A few days later, on the Saturday, Malcolm joined me to do a tricky manipulation. We first removed the supers to a location about 100 yards distant. Then we carried the whole of my brood nest (both boxes together) to the same place. There were bees left behind on the floor so that had to be brought as well. Then all were dusted liberally with sifted icing sugar, and the bees were shaken off the frames. The icing sugar was to slow the bees down. Some of my frames of stores were selected to go with Malcolm's frames of brood. There was a slight complication in that our sizes don't match so when we built up the new nest, which we did on the original site, we had to start with the super box at the bottom with stores at the sides but a gap in the middle for his 12x14" frames to hang down into, then on top my national brood box with more stores at the sides and the frames of brood with the laying queen in the middle. All the flying bees were making their way back and there was great confusion.
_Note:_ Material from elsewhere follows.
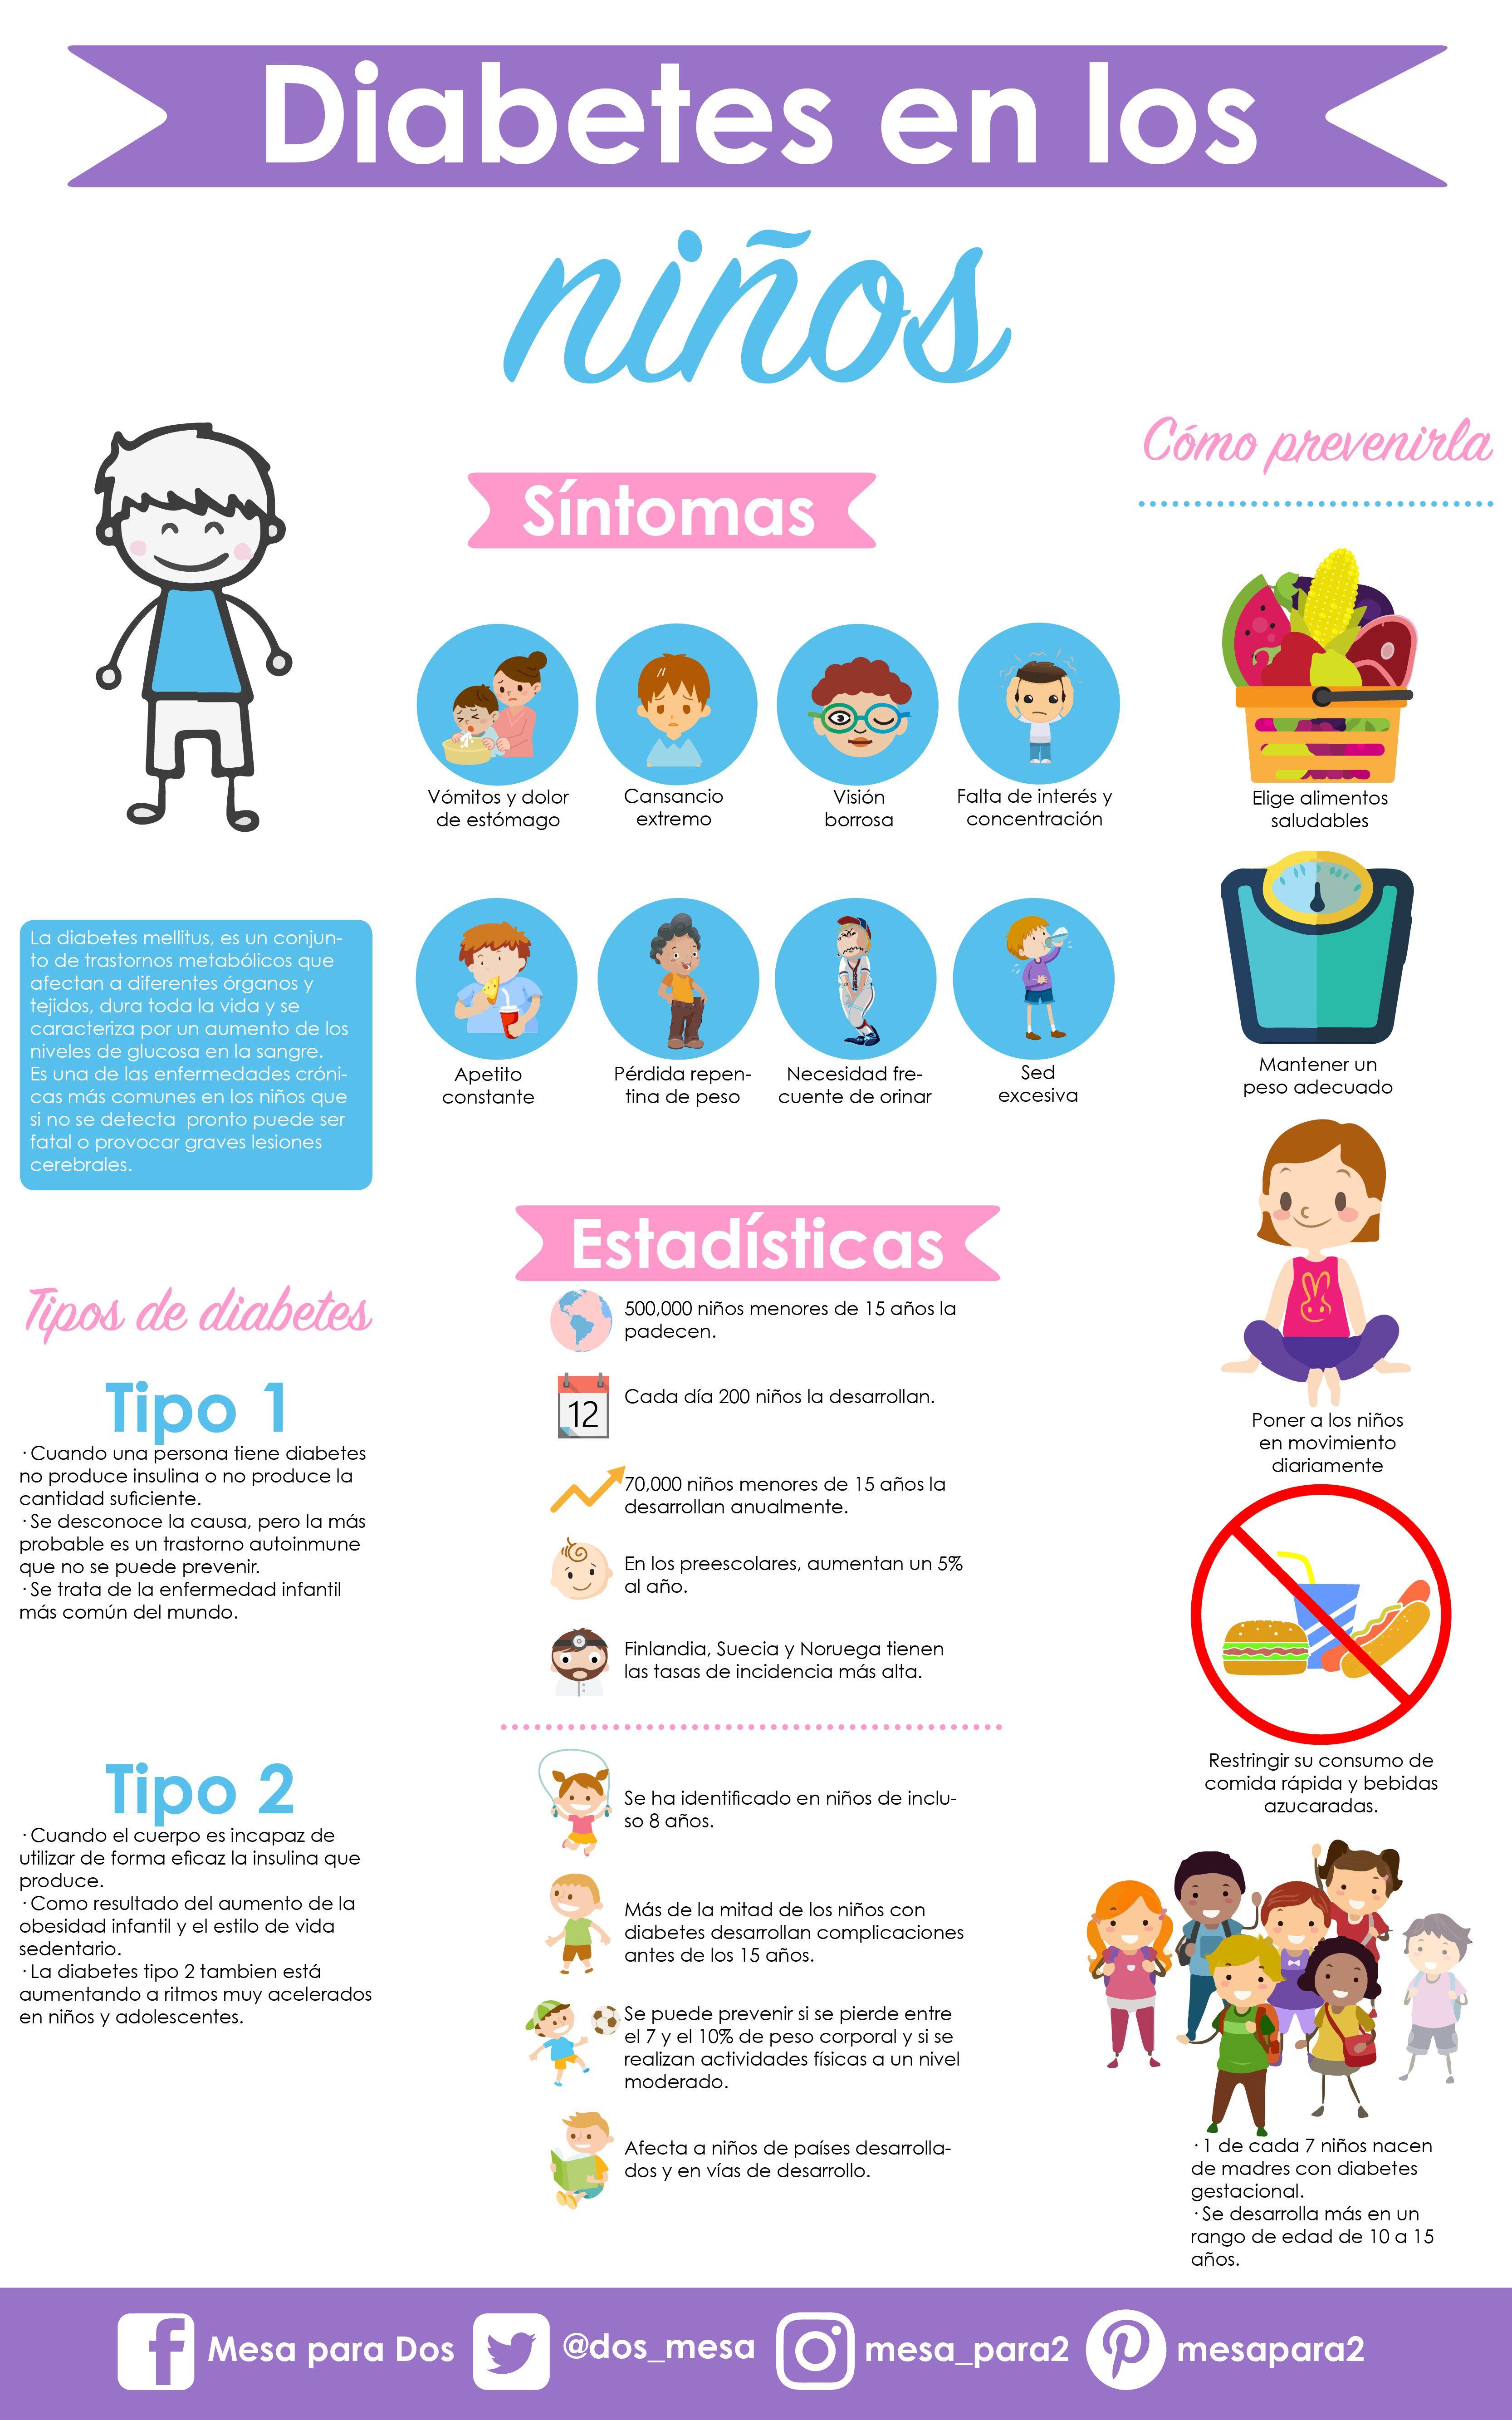 herpes simplex 1 fisiopatología de la diabetes

After tidying away all the spare boxes and frames we went back to take a look at the reassembled hive. The front of it was covered with bees. Many were visibly dusted with icing sugar so were my originals. We saw no fighting - not that I know what bees fighting looks like! They were fanning, which apparently was a good sign.

The new combination colony were then fed with syrup for a week and after that I was instructed to put back on top all the boxes of frames that needed cleaning up of both icing sugar and stores.  The configuration was crown board, empty super, another crown board and then the boxes that needed cleaning. At first I had not added a closed crown board under the roof, but when I went back next day with wasp traps I saw what could have been robbing or perhaps my own bees going in at the top of the hive rather than the entrance. Adding another crown board did seem to sort out this problem and thereafter there was less activity around the top of the stack.
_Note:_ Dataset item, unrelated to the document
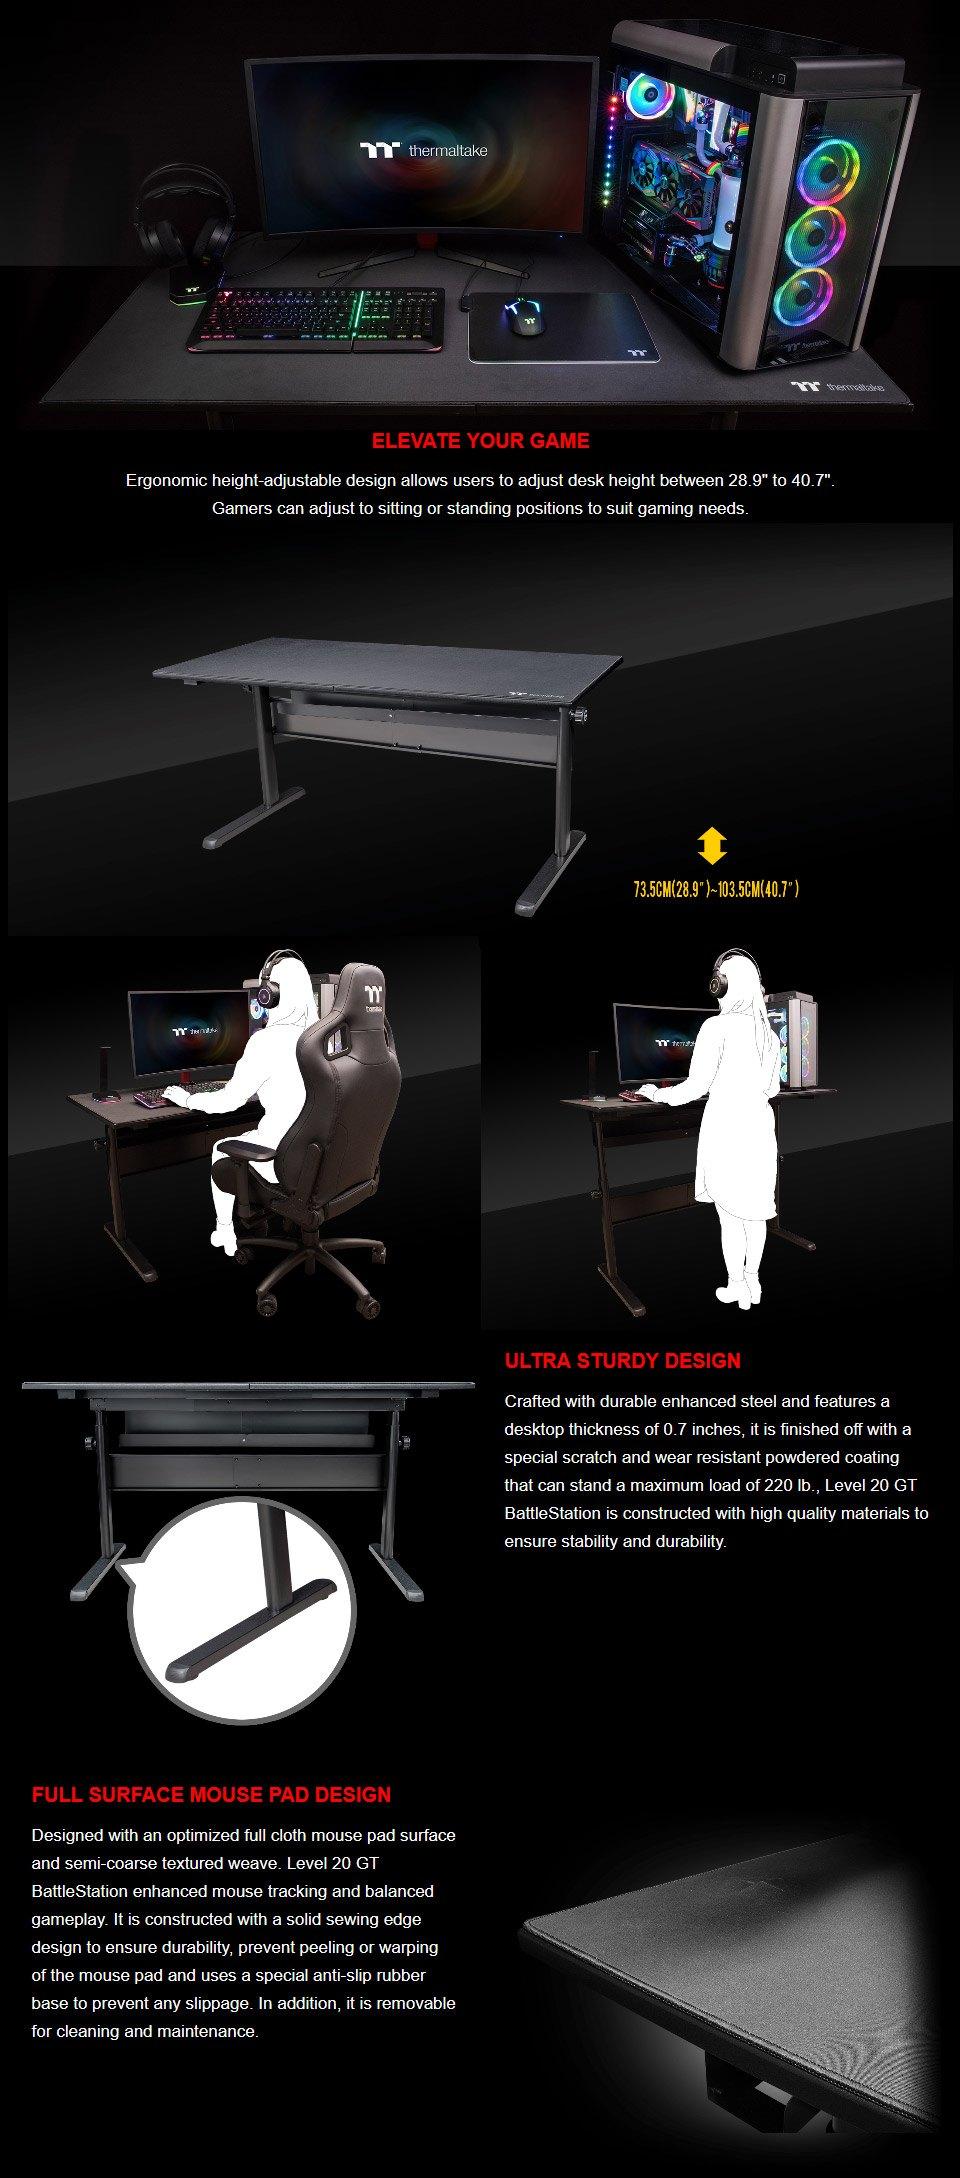 Thermaltake Level 20 GT BattleStation Gaming Desk features

Two weeks after our manipulation I opened the nest to take a look. What disappointment! Once again I could see no young brood. There were three frames with sealed brood and next to them only stores. No eggs. No larvae. The bees were getting very agitated and I didn't look at every frame.  My smoker had gone out and I gave up the search in disappointment. It was the end of September by now. I'm afraid my hive got none of the love and care that it had had the previous year. A mouse guard, yes, but no woodpecker-proofing, no varroa treatment or feeding and the stores of honey didn't go back on either. I thought the colony was done for and would die out over winter.
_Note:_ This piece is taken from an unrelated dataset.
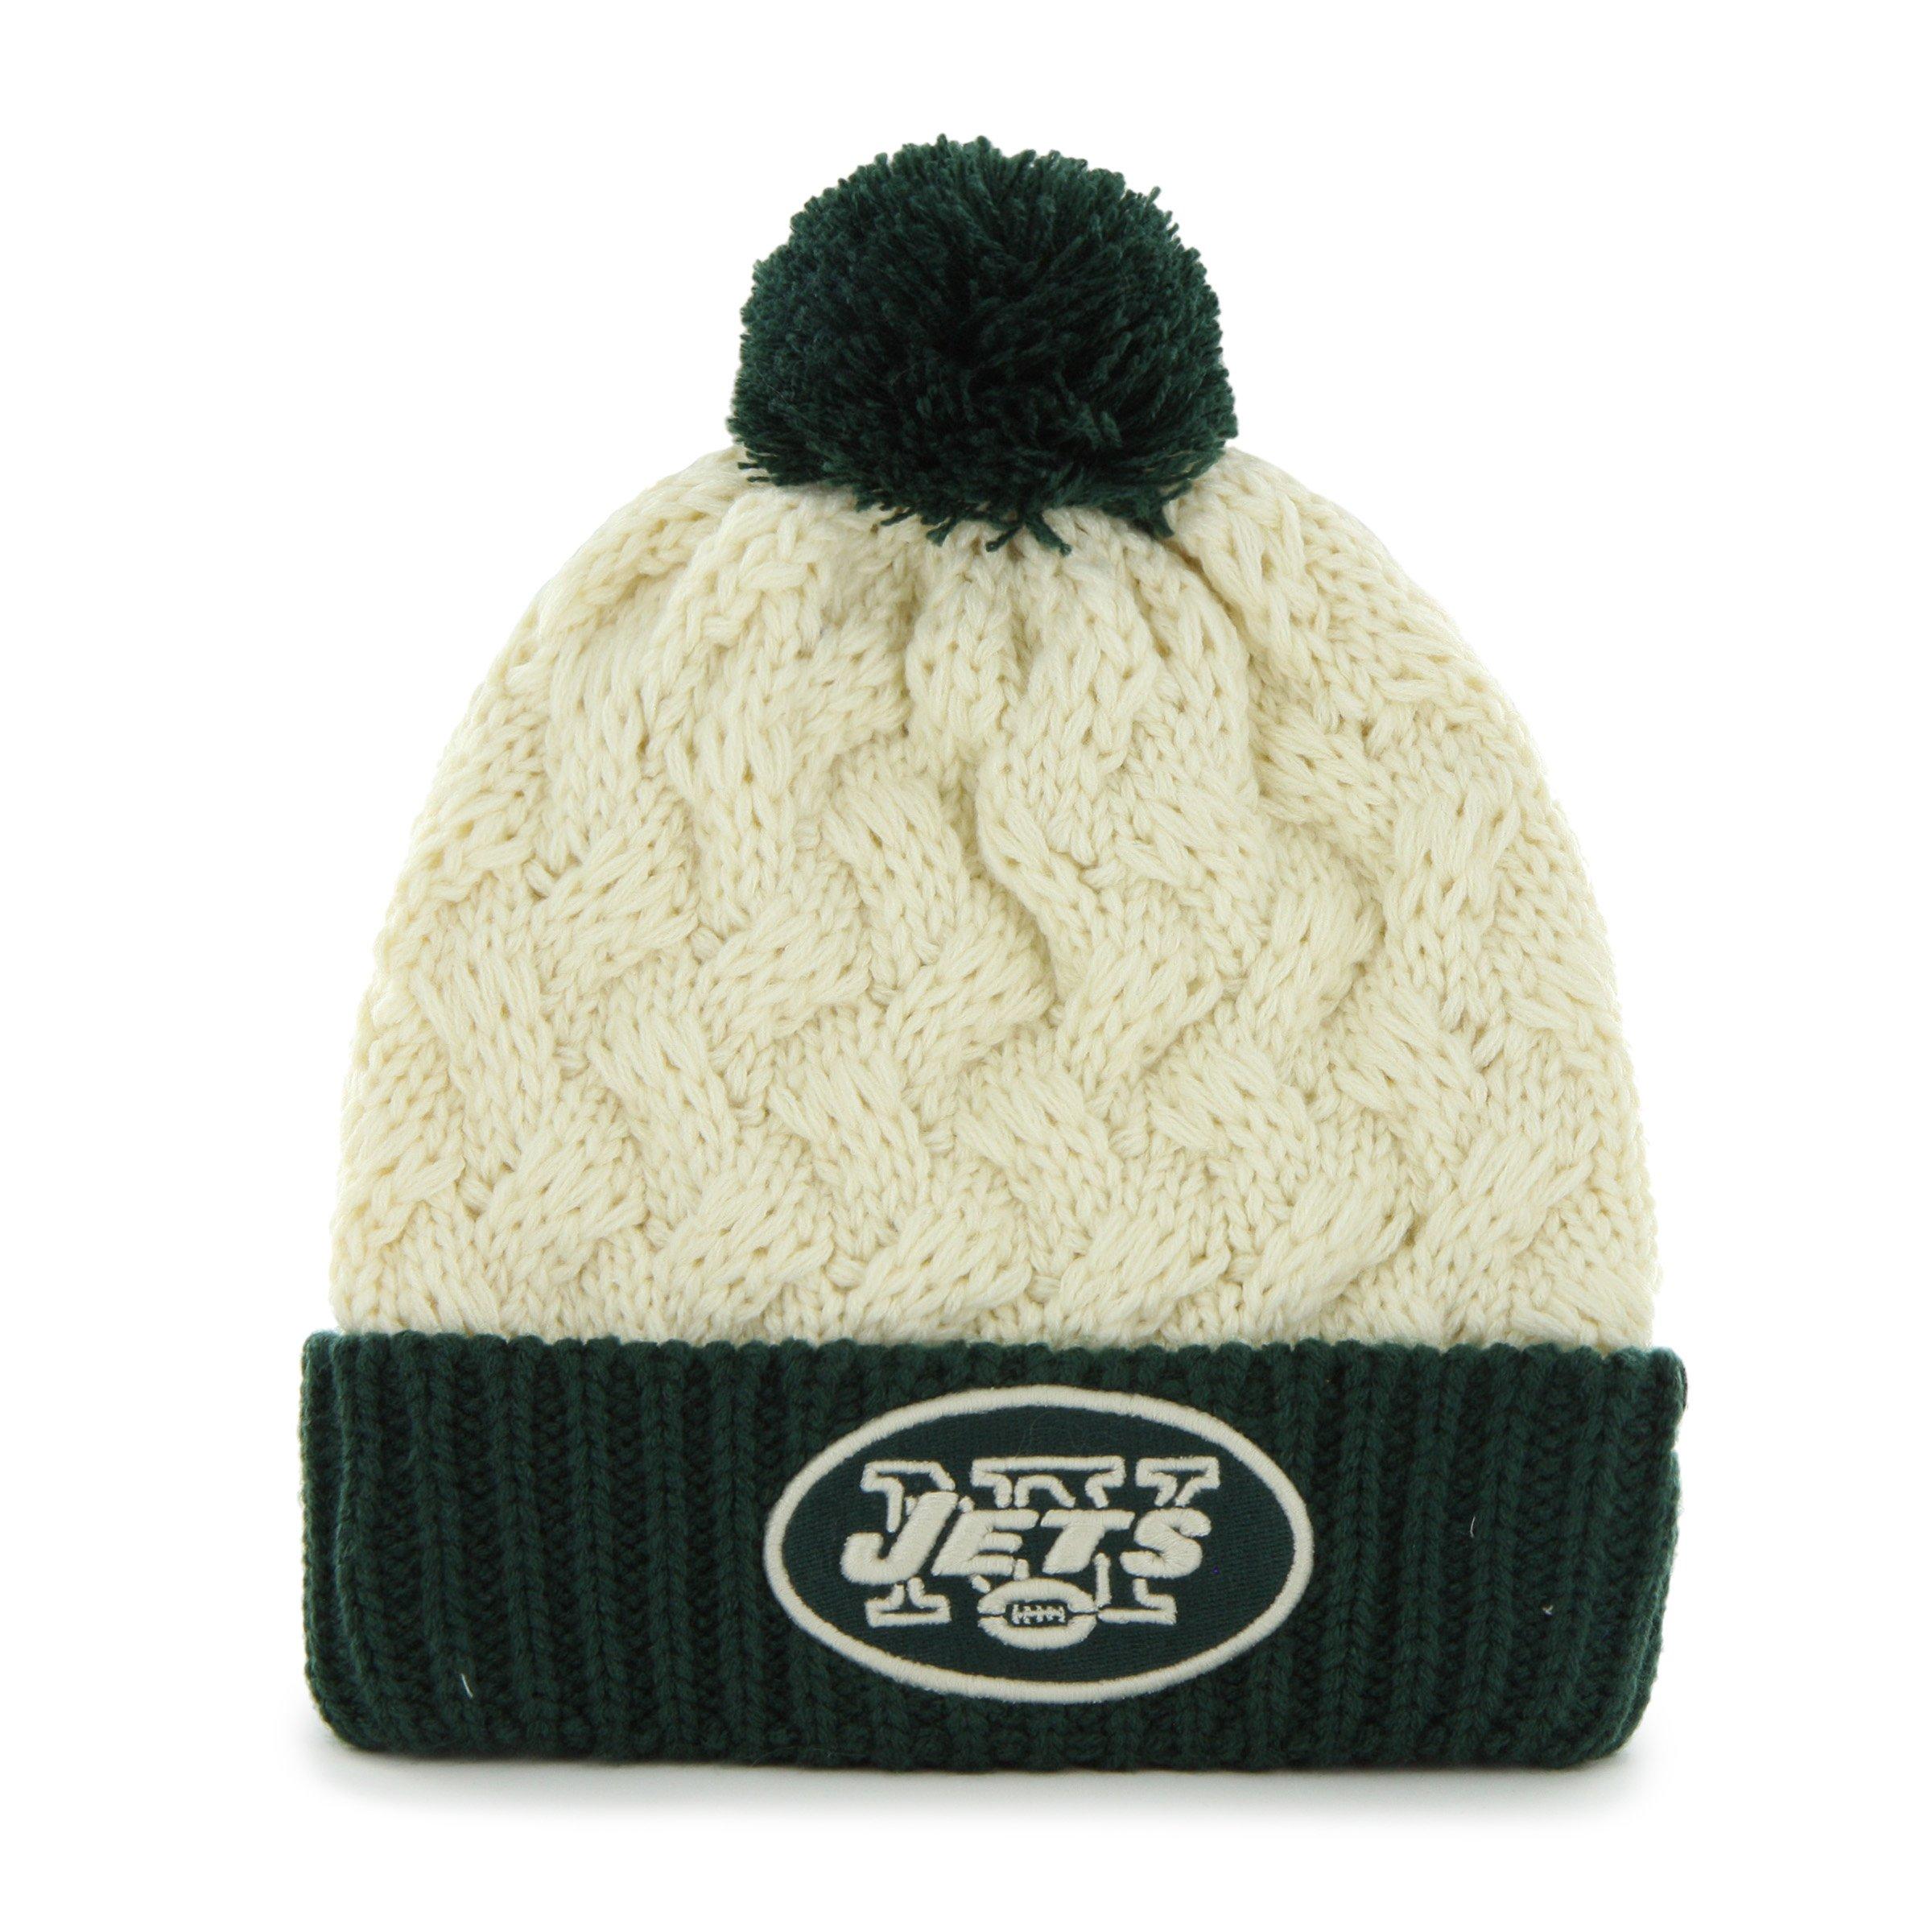 '47 NFL New York Jets Women's Matterhorn Cuff Knit Hat, One Size, Natural

In early spring I kept hearing woodpeckers around and my heart would sink. I went to check that the hive was intact but saw no signs of life. Then one sunny Sunday I went over to take another look and saw bees flying, bringing pollen into the hive. I was overjoyed!

The next time I went with a super of empty frames and as I was preparing to open the hive I heard a shout, 'hello', and Malcolm happened to have come to take a look at that very moment with another friend. Inside there was lots of activity. Outside there was lots of rejoicing. The bees had somehow survived and thrived despite me!